Indemnification of Directors and Officers
In many instances there are sound reasons to indemnify officers and directors, so that they may perform their duties without the distraction of unwarranted litigation or other legal process. Fidelity generally supports charter and by-law amendments expanding the indemnification of officers or directors, or limiting their liability for breaches of care unless Fidelity is dissatisfied with their performance or the proposal is accompanied by anti-takeover provisions (see Anti-Takeover Provisions and Shareholders Rights Plans below).
III.
Compensation
Incentive compensation plans can be complicated and many factors are considered when evaluating such plans. Fidelity evaluates such plans based on protecting shareholder interests and our historical knowledge of the company and its management.
A.
Equity Compensation Plans
Fidelity encourages the use of reasonably designed equity compensation plans that align the interest of management with those of shareholders by providing officers and employees with incentives to increase long-term shareholder value. Fidelity considers whether such plans are too dilutive to existing shareholders because dilution reduces the voting power or economic interest of existing shareholders as a result of an increase in shares available for distribution to employees in lieu of cash compensation. Fidelity will generally oppose equity compensation plans or amendments to authorize additional shares under such plans if:
1.
The company grants stock options and equity awards in a given year at a rate higher than a benchmark rate ("burn rate") considered appropriate by Fidelity and there were no circumstances specific to the company or the compensation plans that leads Fidelity to conclude that the rate of awards is otherwise acceptable.
2.
The plan includes an evergreen provision, which is a feature that provides for an automatic increase in the shares available for grant under an equity compensation plan on a regular basis.
3.
The plan provides for the acceleration of vesting of equity compensation even though an actual change in control may not occur.

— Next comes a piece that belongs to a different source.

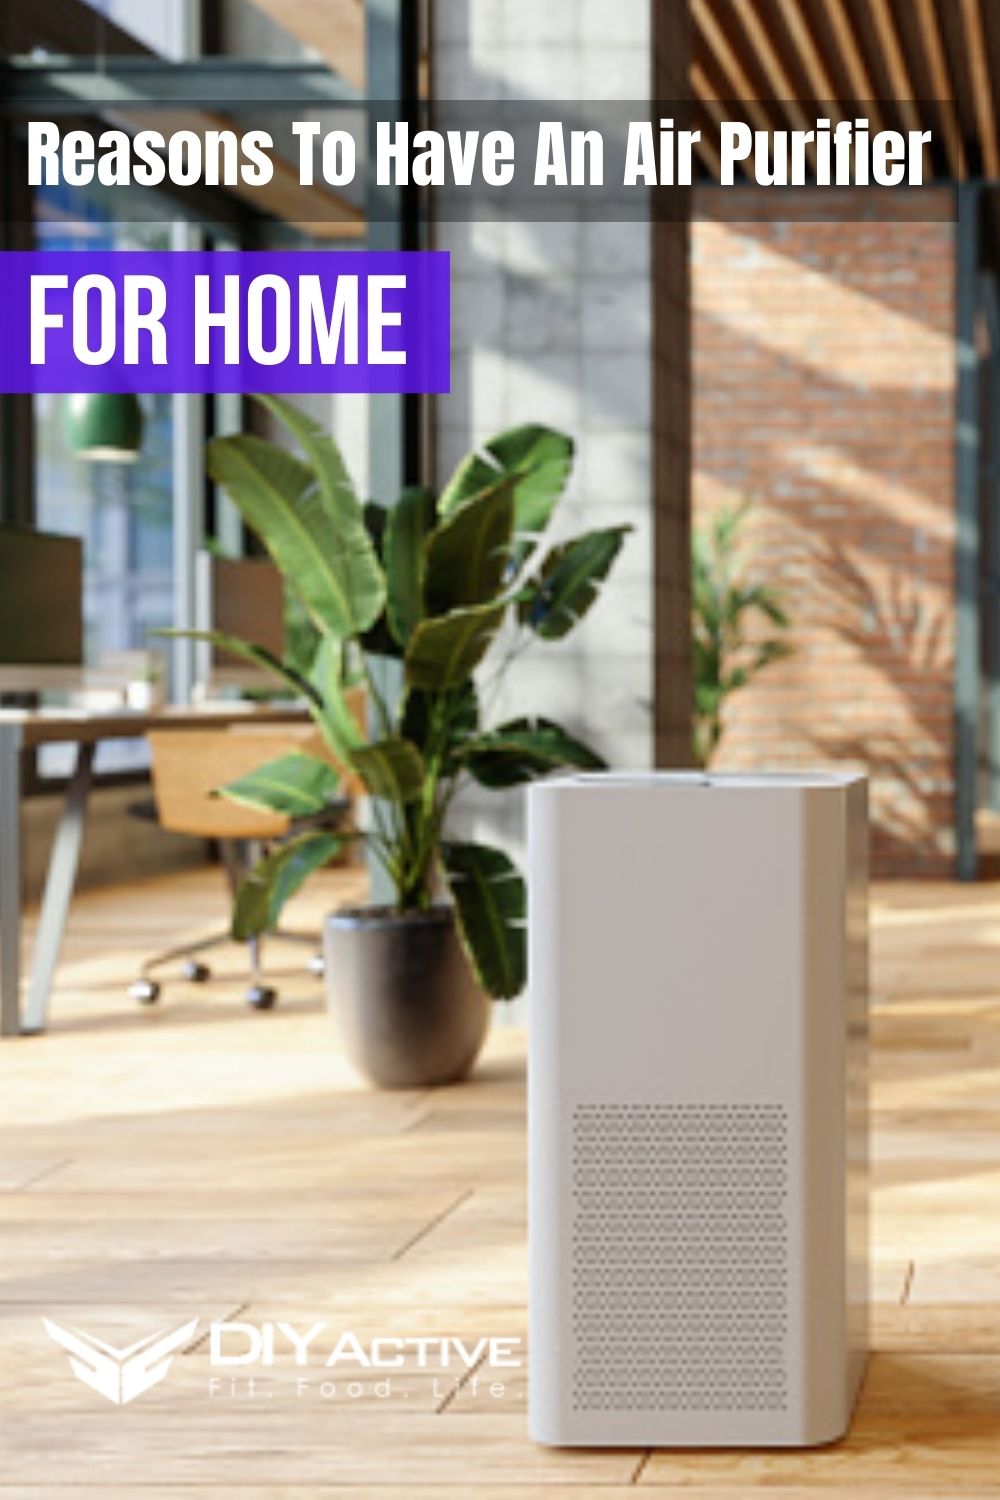 7 Reasons To Have An Air Purifier For Home

As to stock option plans, considerations include the following:
1.
Pricing: We believe that options should be priced at 100% of fair market value on the date they are granted. We generally oppose options priced at a discount to the market, although the price may be as low as 85% of fair market value if the discount is expressly granted in lieu of salary or cash bonus.
2.
Re-pricing: An "out-of-the-money" (or underwater) option has an exercise price that is higher than the current price of the stock. We generally oppose the re-pricing of underwater options because it is not consistent with a policy of offering options as a form of long-term compensation. Fidelity also generally opposes a stock option plan if the board or compensation committee has re-priced options outstanding in the past two years without shareholder approval.

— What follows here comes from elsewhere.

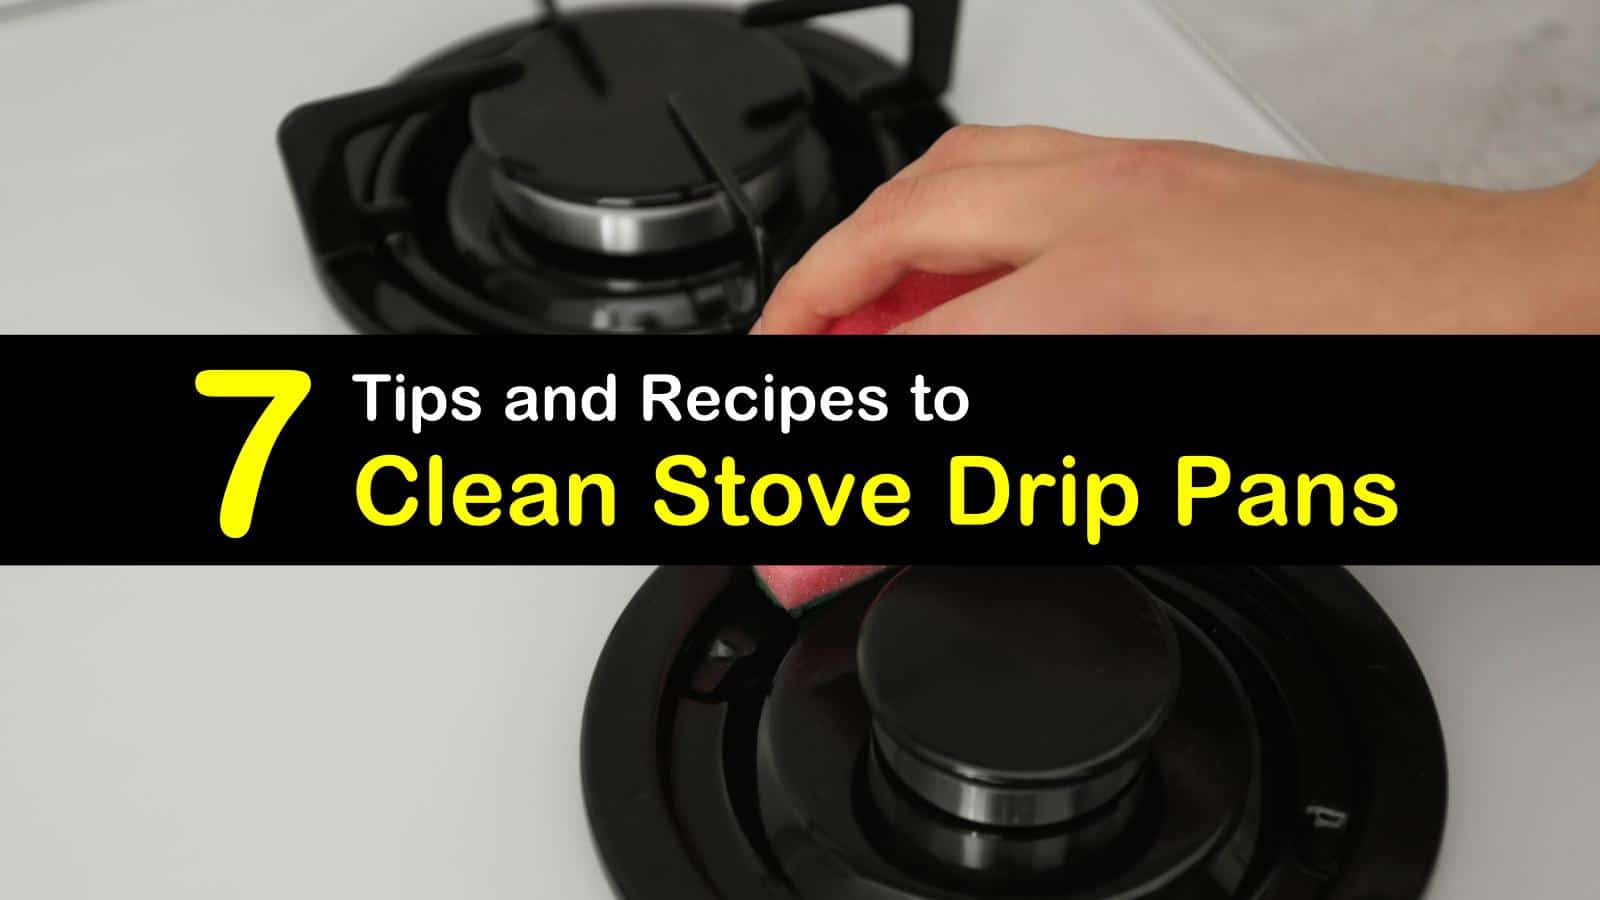 https://www.tipsbulletin.com/wp-content/uploads/2019/09/how-to-clean-stove-drip-pans-t1.jpg

Fidelity generally will support a management proposal to exchange, re-price or tender for cash, outstanding options if the proposed exchange, re-pricing, or tender offer is consistent with the interests of shareholders, taking into account a variety of factors such as:
1.
Whether the proposal excludes senior management and directors;
2.
Whether the exchange or re-pricing proposal is value neutral to shareholders based upon an acceptable pricing model;
3.
The company's relative performance compared to other companies within the relevant industry or industries;
4.
Economic and other conditions affecting the relevant industry or industries in which the company competes; and
5.
Any other facts or circumstances relevant to determining whether an exchange or re-pricing proposal is consistent with the interests of shareholders.
B.
Employee Stock Purchase Plans
These plans are designed to allow employees to purchase company stock at a discounted price and receive favorable tax treatment when the stock is sold. Fidelity generally will support employee stock purchase plans if the minimum stock purchase price is equal to or greater than 85% (or at least 75% in the case of non-U.S. companies where a lower minimum stock purchase price is equal to the prevailing "best practices" in that market) of the stock's fair market value and the plan constitutes a reasonable effort to encourage broad based participation in the company's stock.
IV.
Advisory Vote on Executive Compensation (Say on Pay) and Frequency of Say on Pay Vote
Current law requires companies to allow shareholders to cast non-binding votes on the compensation for named executive officers, as well as the frequency of such votes. Fidelity generally will support proposals to ratify executive compensation unless the compensation appears misaligned with shareholder interests or is otherwise problematic, taking into account:
-
The actions taken by the board or compensation committee in the previous year, including whether the company re-priced or exchanged outstanding stock options without shareholder approval; adopted or extended a golden parachute without shareholder approval; or adequately addressed concerns communicated by Fidelity in the process of discussing executive compensation;
-
The alignment of executive compensation and company performance relative to peers; and
-
The structure of the compensation program, including factors such as whether incentive plan metrics are appropriate, rigorous and transparent; whether the long-term element of the compensation program is evaluated over at least a three-year period; the sensitivity of pay to below median performance; the amount and nature of non-performance-based compensation; the justification and rationale behind paying discretionary bonuses; the use of stock ownership guidelines and amount of executive stock ownership; and how well elements of compensation are disclosed.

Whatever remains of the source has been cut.